The show is quite funny as one catastrophe after another ruins the bliss of the Good Place all because there is a secret evil. Eleanor and Jason do their best to keep their secret so they don’t go to The Bad Place while Michael, wrings his hands trying his best to figure out why these terrible things are happening in The Good Place. As we watch the show there is a sense that there are other secrets hidden here. And even though this is a perfect place, we get the distinct feeling that not everything is as perfect as it seems.

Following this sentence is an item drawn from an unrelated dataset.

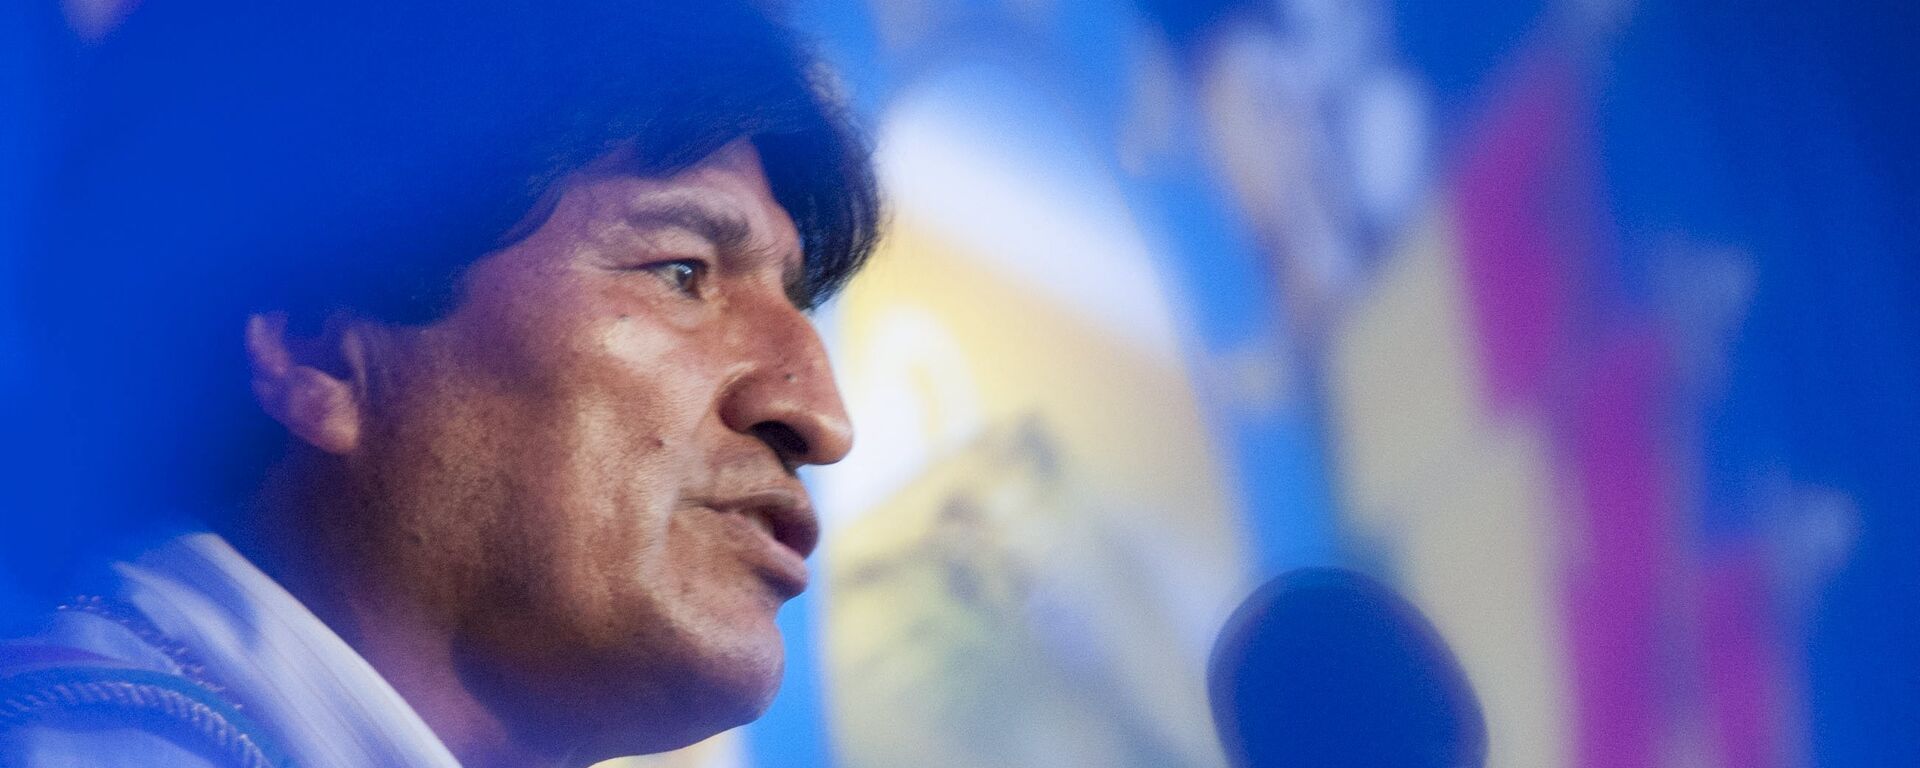 Evo Morales, expresidente de Bolivia - Sputnik Mundo, 1920, 30.08.2021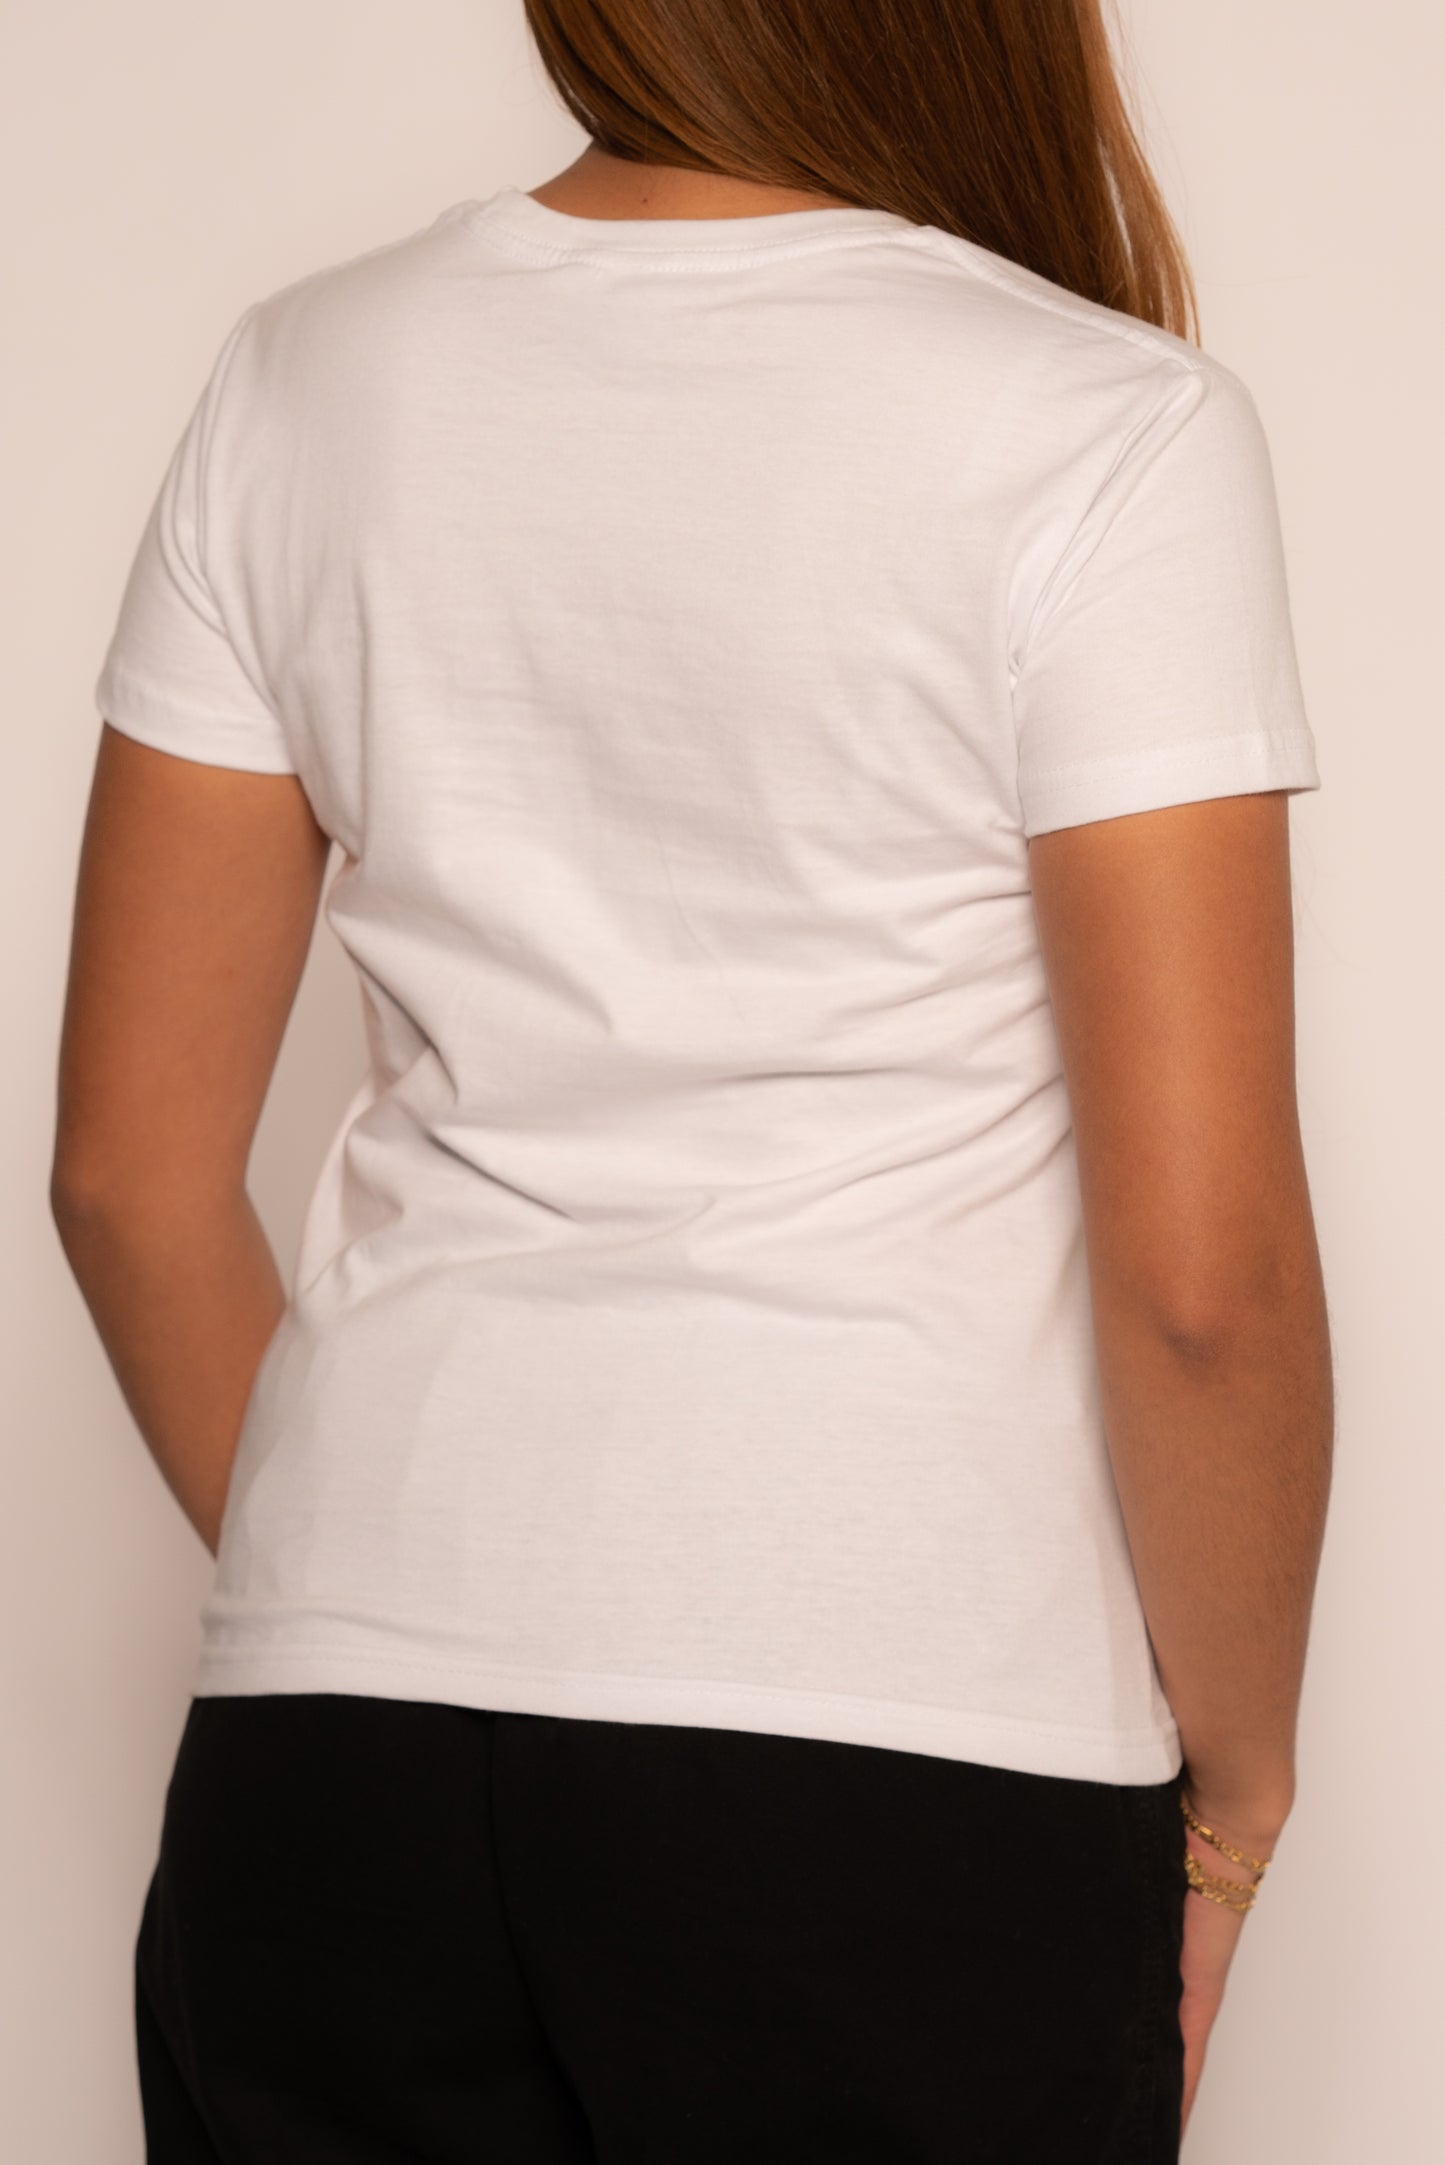 Celia Limited Print Tshirt - White

It doesn’t take much of a genius to make the connections from this funny show created by Mike Shur to our lives. Don’t we all want to live in the Good Place? (And we’re not necessarily speaking about heaven here.) Don’t we long for that good life with all our needs supplied—down to the fine details complete with our soulmate? Yet even though we live on a beautiful planet, in a wonderful country, and having so many blessings—there is trouble in our paradise. And for many of us, that Paradise we are living in may not be as firm as we make it out to be. So many of us are hiding out—like Eleanor and Jason, hoping that the truth of who we are isn’t discovered. We wear the imposter’s mask of righteousness, quaking, lest we be discovered for who and what we are while it appears that everyone else has it all together in this apparent perfect setting.
But take hope! The good place is more than a story on NBC. The good place is real—in this life and in the next.